With some renaming, our cell class becomes:

class BasicTableViewCell: UITableViewCell {

    @IBOutlet weak var titleLabel: UILabel!
    @IBOutlet weak var detailLabel: UILabel!
    @IBOutlet weak var profileImageView: UIImageView!

    func configure(with item: BasicCellItem) {
        titleLabel.text = item.title
        detailLabel.text = item.detail
        guard let imageURL = item.imageURL else { return }
        loadImage(withURL: imageURL)
    }

    func loadImage(withURL url: String) {
        // loads image into UIImageView
    }

}

Testing this class is now very easy:

struct BasicItem: BasicCellItem {

    let title: String
    let detail: String
    let imageURL: String?

}

class BasicTableViewCellTests: XCTestCase {
    
    func testConfigure() {
        let bundle = Bundle(for: BasicTableViewCell.self)
        guard let cell = bundle.loadNibNamed("BasicTableViewCell", owner: nil)?.first as? BasicTableViewCell else { return XCTFail() }
        let item = BasicItem(title: "Test", detail: "Description", imageURL: nil)
        cell.configure(with: item)
        XCTAssertEqual(cell.titleLabel.text, "Test")
        XCTAssertEqual(cell.detailLabel.text, "Description")
    }
    
}

We have a simple struct conforming to BasicCellItem with the sole purpose of testing the view. We don't need to worry about generating values for extra User, Team, or any other model's properties. In fact, because this view is now no longer coupled with a model, we could extract it into a separate framework and reuse it in other apps with very different models.

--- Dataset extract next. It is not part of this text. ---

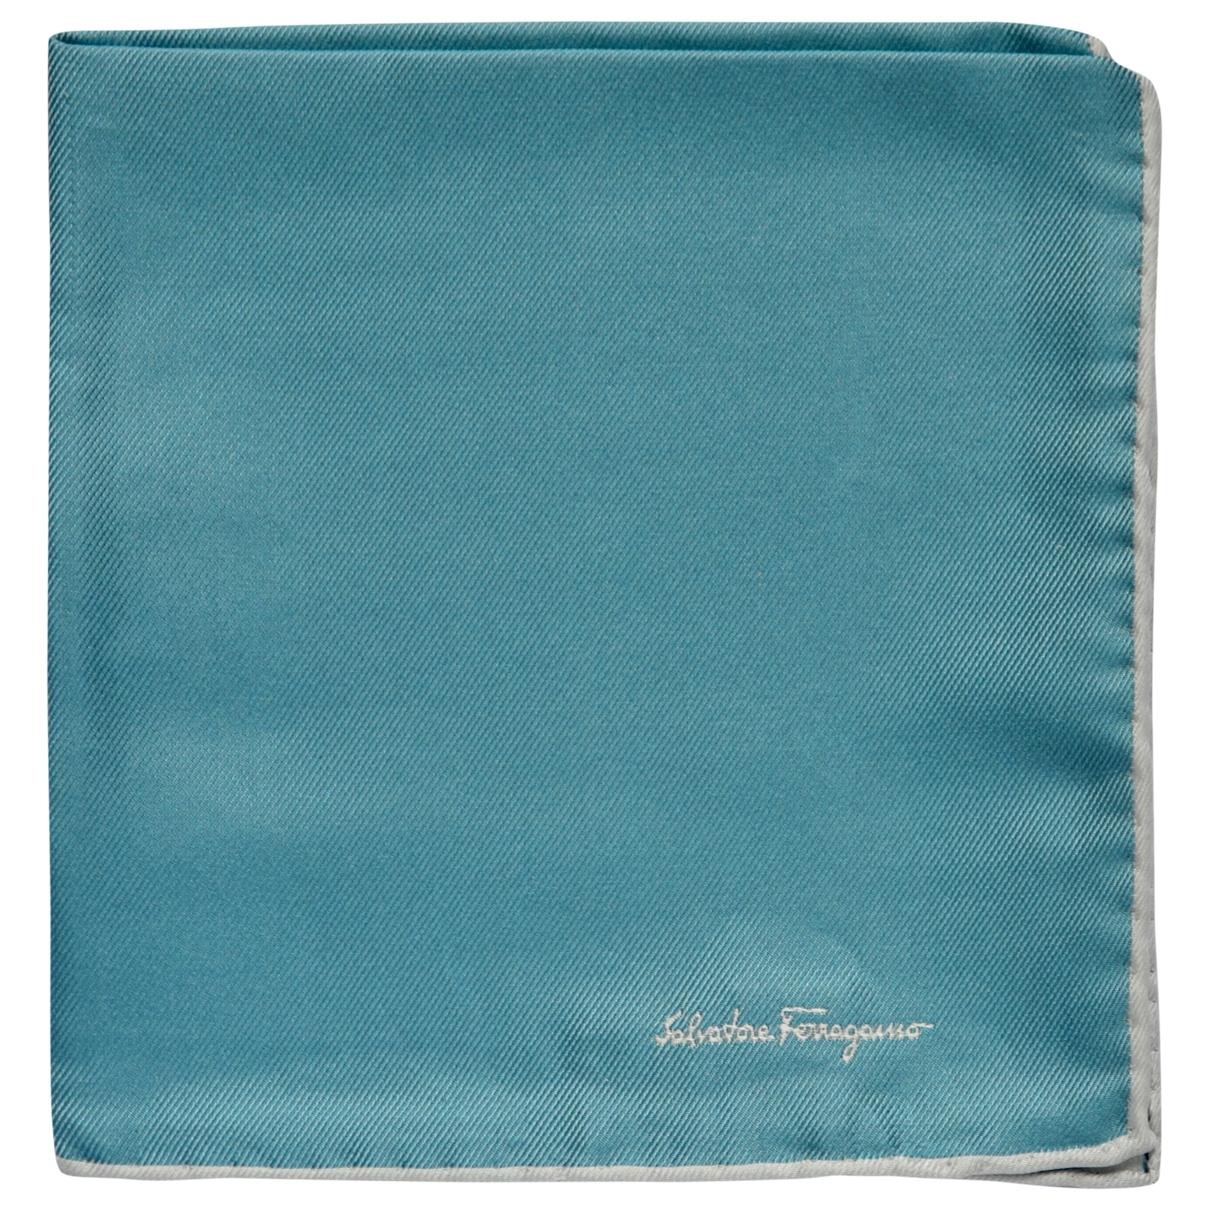 Salvatore Ferragamo \N Blue Silk scarf & pocket squares for Men \N

When starting a new app, it can be easy to create more specialized views than we need. We may not know exactly which information the view will eventually need to display or how similar it will be to views displaying other data. So we may default to a 1:1 coupling of model to view.

In this tutorial, we saw the benefits of using protocols to make views more generic. They become reusable and easier to test. Our code also becomes more modular. When views are tightly coupled with models, we can't extract them into reusable frameworks. Once freed from the model layer, we can use them in other apps and share them with the open source community.